Video: How Peas Develop From Seed

Video: Growing Pea Time Lapse 2022, December

Peas are unpretentious plants. How a plant develops from a seed can be seen at home at any time of the year. The pea germination technology is not particularly complicated.

Sprouted peas
Sprouted peas


Step 1

Several seeds ripen in pea (bean) fruits, their number is different each time. Pea is a dicotyledonous plant and differs from monocotyledons in that there are two cotyledons in the embryo of its seed. Ripe pea seeds do not contain endosperm; all nutrients are contained in the cotyledons. Germination and development of living seeds begins with their swelling, increase in volume. The amount of water absorbed by plants varies greatly: legumes can absorb more than 100% of water, oil plants only 35-40%, and cereals 50-70%. The volume of legumes increases dramatically when they swell. An indicative experience is when peas are placed in a bottle, poured with water and sealed tightly with a cork. Within a few hours the bottle may burst under the pressure of the seeds.

Step 2

Dead seeds also undergo swelling, but subsequently do not germinate, but rot. The first of the necessary conditions for germination is the presence of water or moisture in the soil. Under the influence of moisture on living seeds, complex chemical reactions are triggered and enzymes begin to act, as a result of which cellular turgor is created.

Step 3

The second condition for the seed to start germinating is a suitable temperature. For each plant there are minimum, maximum and optimum temperatures for seed germination.
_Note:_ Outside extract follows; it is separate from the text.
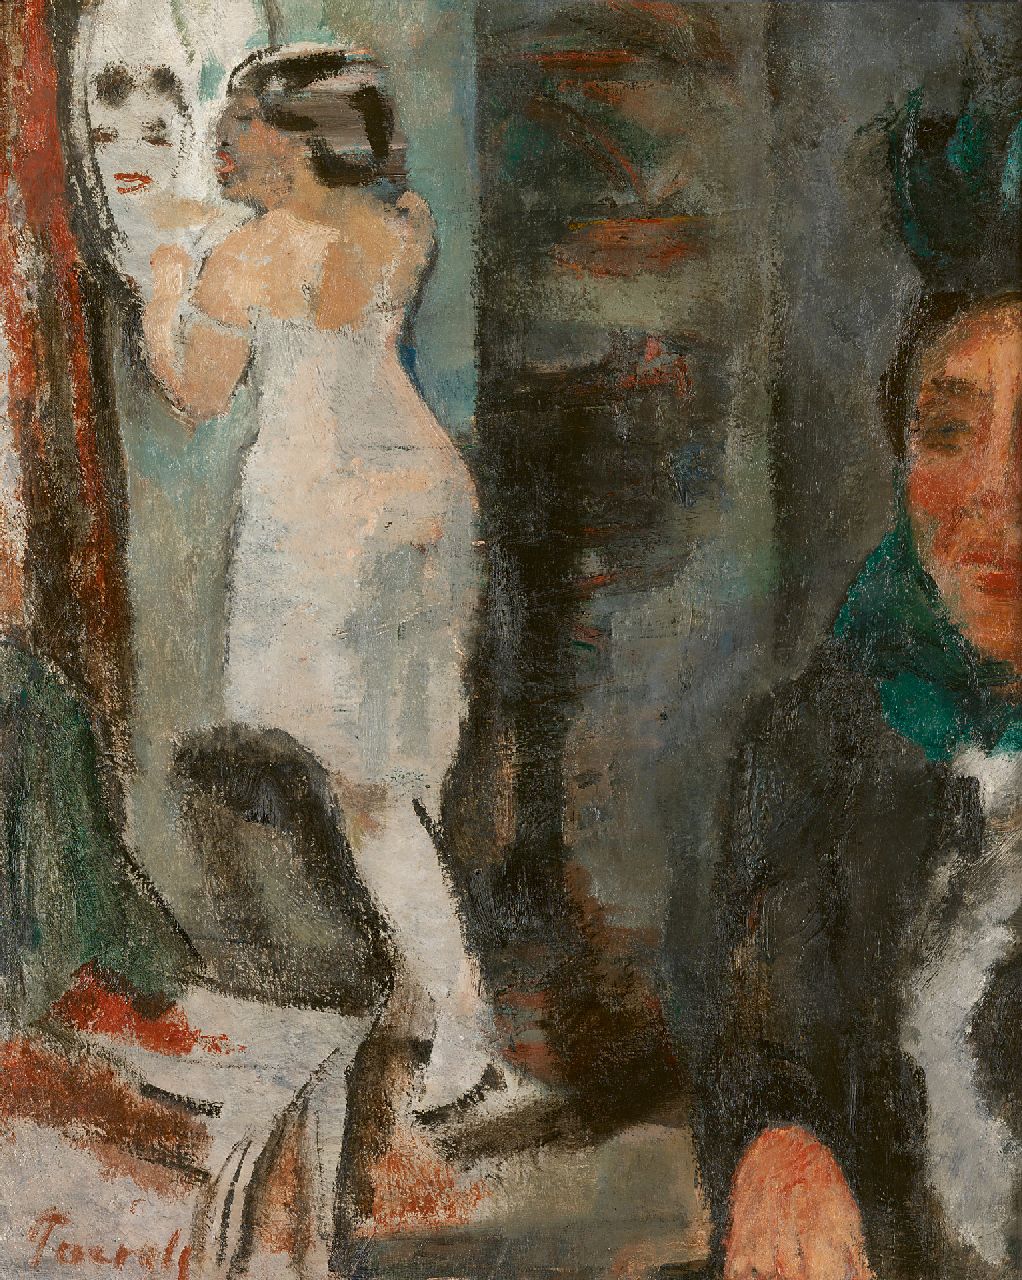 Paerels W.A.  | 'Willem' Adriaan Paerels | Schilderijen te koop aangeboden | Vrouw voor de spiegel, olieverf op doek 50,0 x 40,0 cm, gesigneerd linksonder en te dateren 1922

Peas and most legumes germinate at 1 to 5 degrees above zero. Best of all, the seed will develop at a temperature of 20 to 30 degrees, and starting from 37, the temperature becomes fatal for them. The third prerequisite is the presence of oxygen in the air. In the absence of oxygen, the seeds will not germinate, and the lower the oxygen content, the worse their development will be.

Step 4

Usually seeds germinate in the dark, but there are also plants whose seeds need light to germinate. For hard seeds with a dense skin, for successful germination, you need to damage the skin, for example, by grinding them with sand. This mechanical damage is called scarification. Plants of the middle lane need a preliminary exposure to cold for successful germination. Germination-promoting chemicals are also popular. After the pea is swollen, the seed coat breaks and the root of the embryo comes out. Next comes the hypocotyl, the hypocotyl knee that carries the cotyledons. Small cotyledons are carried to the surface of the soil, while large ones remain in it. Between the two cotyledons, dividing them, a bud with a rudiment of the stem and leaves begins to develop.